ALFF and ReHo analysis
The ALFF and ReHo were analyzed by the Data Processing & Analysis for Brain imaging (DPABI V7.0) (http://rfmri.org/dpabi). Specifically, the filtered times series of whole-brain signal to transform it into frequency domain power spectrum. Then, on the power spectrum at the range of 0.01−0.08 Hz, calculating the root-mean-square as the ALFF. ALFF value of each voxel was normalized to the Z value (zALFF) to remove the differences of brain ALFF in the overall level between participants. We then got a zALFF map and individual zALFF map were divided into 90 cerebral regions by the Anatomical Automatic Labeling (AAL) atlas. AS for the ReHo, the ReHo maps of participants were produced by calculating Kendall’s coefficient of concordance (KCC) of the times series of this voxel its 26 nearest neighbors. To reduce the difference of brain ReHo in the general level among participants, the ReHo value of each voxel was transformed into the Z value (zReHo). Subsequently, we acquired individual zReHo maps and zReHo map were segmented into 90 cerebral regions by the AAL. The mean of the ReHo indexes in each region serves as the ALFF index for that region. The two-sample t test was performed to find the different brain regions of ALFF and ReHo between groups, with age and education as the covariates. Permutation tests with threshold free cluster enhancement (TFCE) was applied for comparison (number of permutations = 1000). The TFCE significance threshold was set at <0.05.
Functional connectivity network analysis
The DPABI was used to perform FC network analyses. In this study, three differential zALFF regions between DS and NDS as seed points to make FCs network map of every seed point throughout the brain. To be specific, the three seed points included the left ITG (coordinate: −42, 12, −45), the left IFG (coordinate: −30, 9, −18), and the right PCUN (coordinate: 12, −51, 27). In the same way, only one differential zReHo region between DS and NDS as seed points to make FC network map of every seed point throughout the brain.
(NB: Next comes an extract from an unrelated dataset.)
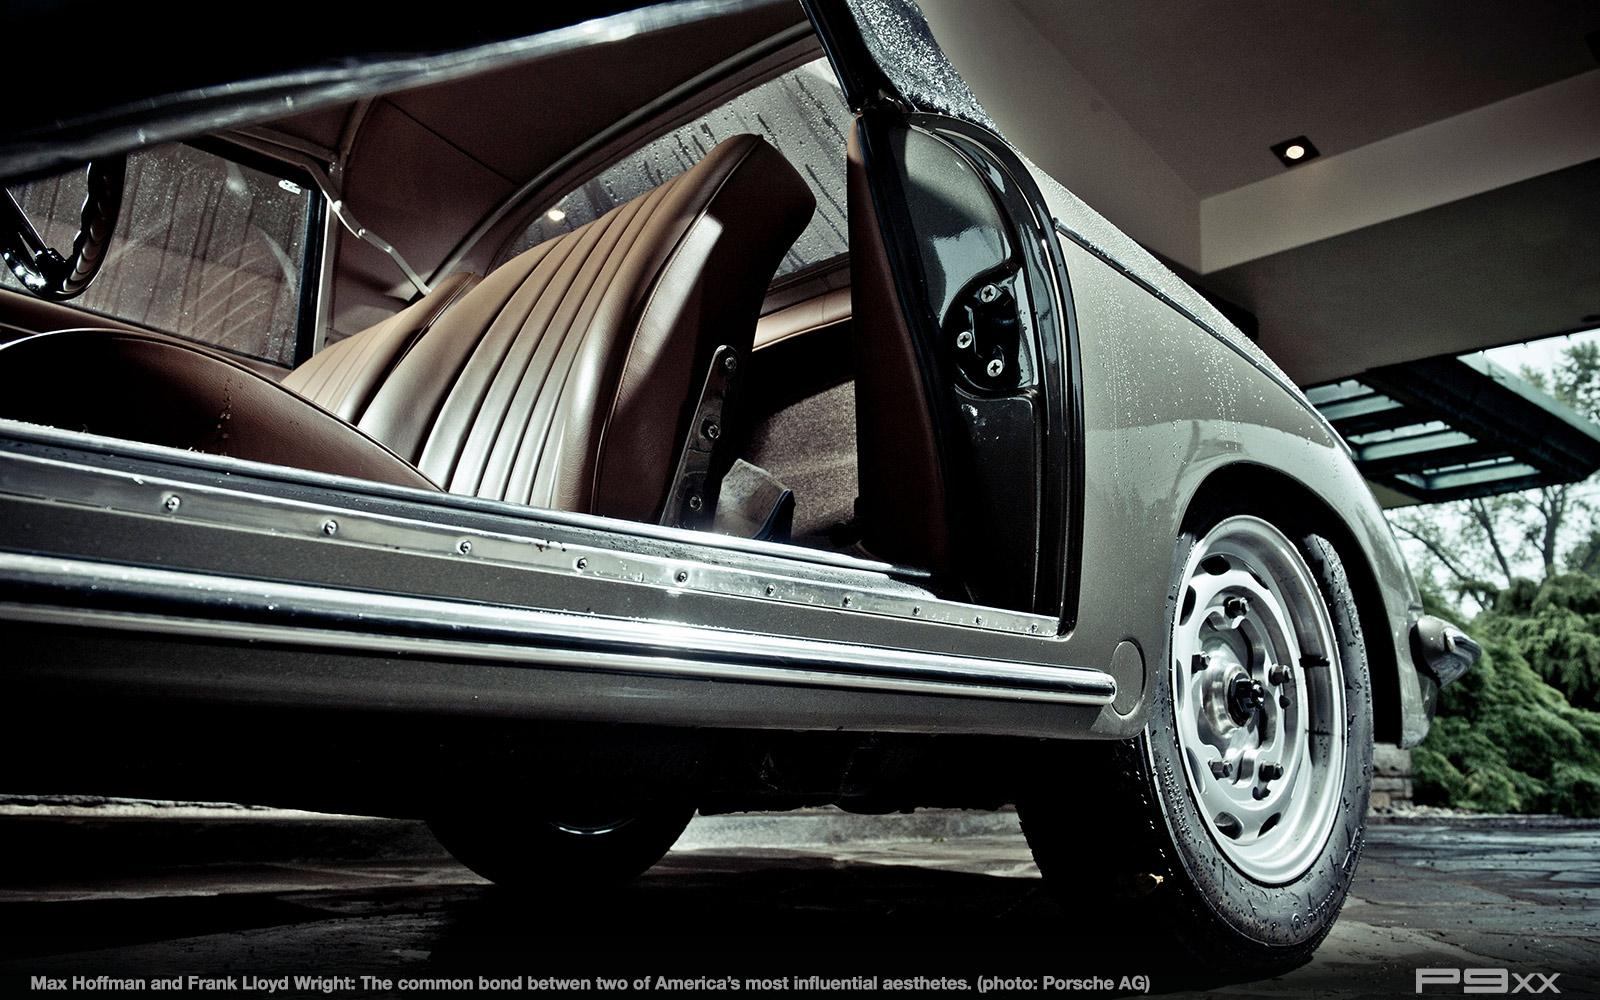 Max-Hoffman-Frank-Lloyd-Wright-Porsche-356-327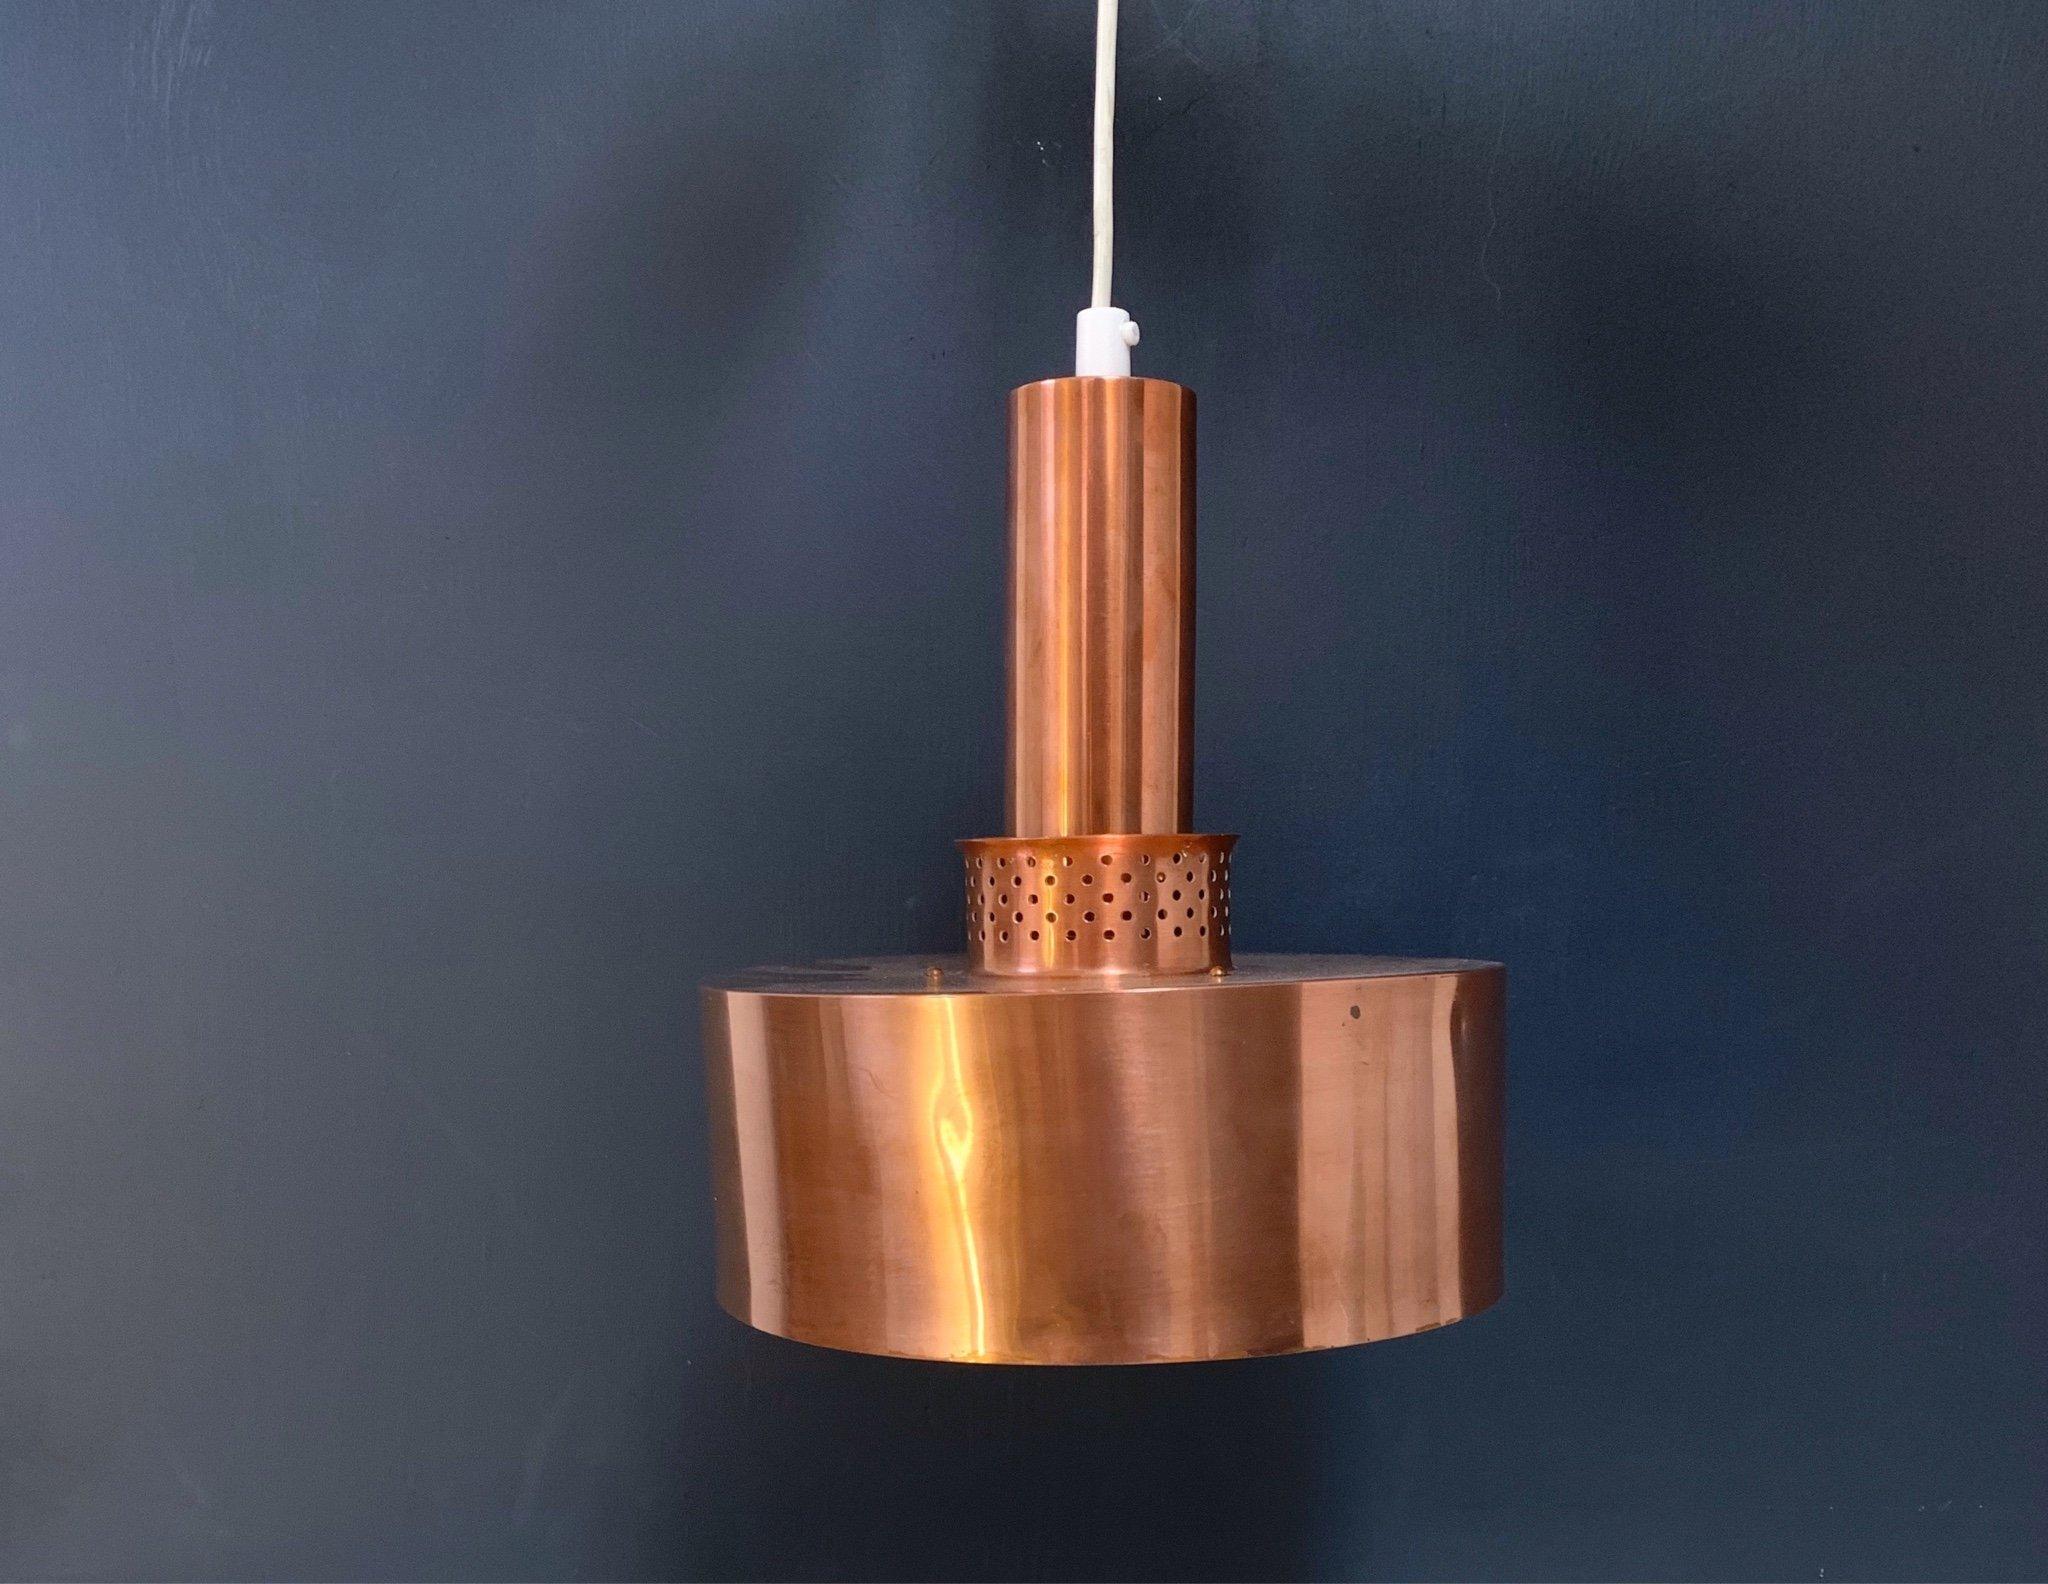 Hans Agne Jakobsson 1 st, taklampa Markaryd ( HAJ lampa koppar )

Specifically, the seed point was the right middle frontal gyrus (MFG, coordinate: 45, 18, 24). Also, by reviewing the literatures we found an expanded number of seed points in specific brain regions of the SCZ, including the right posterior central gyrus (PoCG, coordinate: 41, −75, 53, radius: 6 mm), where decreased connectivity is associated with poorer cognitive and executive function; the right Rolandic operculum (ROL, coordinate: 53, −6, 15, radius: 6 mm), a region where gray matter abnormalities are associated with social cognitive function; the left insula (INS, coordinate: −35, 7, 3, radius: 6 mm), the right INS (INS, coordinate: −35, 7, 3, radius: 6 mm), where altered activities were associated with cognitive function31,32,33,34. Two-sample T tests were employed to identify differences in FCs across the whole brain between DS and NDS groups, with age and education as covariates. The significance level was set at voxel p < 0.01, corrected using Gaussian random field (GRF) correction for cluster p < 0.01.
Statistical analysis
Statistical analysis was carried out using the Statistical Package for the Social Sciences (SPSS) software version 21.0 (IBM, Armonk, New York). Demographic differences among groups were examined through analysis of variance (ANOVA) with the least-significant difference (LSD) correction. To compare the PRS-SCZ among groups, analysis of covariance (ANCOVA) was employed, with age and years of education as covariates. The analysis was also corrected with LSD. Receiver Operating Characteristic (ROC) curves were utilized to distinguish DS, NDS, and HC groups. Pearson correlation analysis was applied to calculate the correlation coefficient (r-value) for various features, including fMRI features, biochemical indexes, neurocognitive assessments, and PRS-SCZ. Statistically significant correlations were identified at a significance level of p ≤ 0.05, and the results were further subjected to False Discovery Rate (FDR) correction. Finally, linear regression was employed to examine indicators displaying a linear relationship with PRS-SCZ.
Results
Demographic and neurocognitive assessments
The results of demographic data were shown in Table 1. There was no significant difference between patients and HCs in age (F = 0.284, ANOVA p = 0.753) and education (F = 2.361, ANOVA p = 0.096). Table S1. showed the demographic, neurocognitive assessment scores and biochemical data of the samples with both genetic and imaging data. In this subset of the sample, no significant differences in age (p = 0.828) and education (p = 0.144) among DS, NDS and HC. Moreover, the results showed that both DS and NDS group performed worser than HCs on all neurocognitive assessments, including TMT-A (s), Spatial processing (block design) (all p < 0.05, corrected by LSD).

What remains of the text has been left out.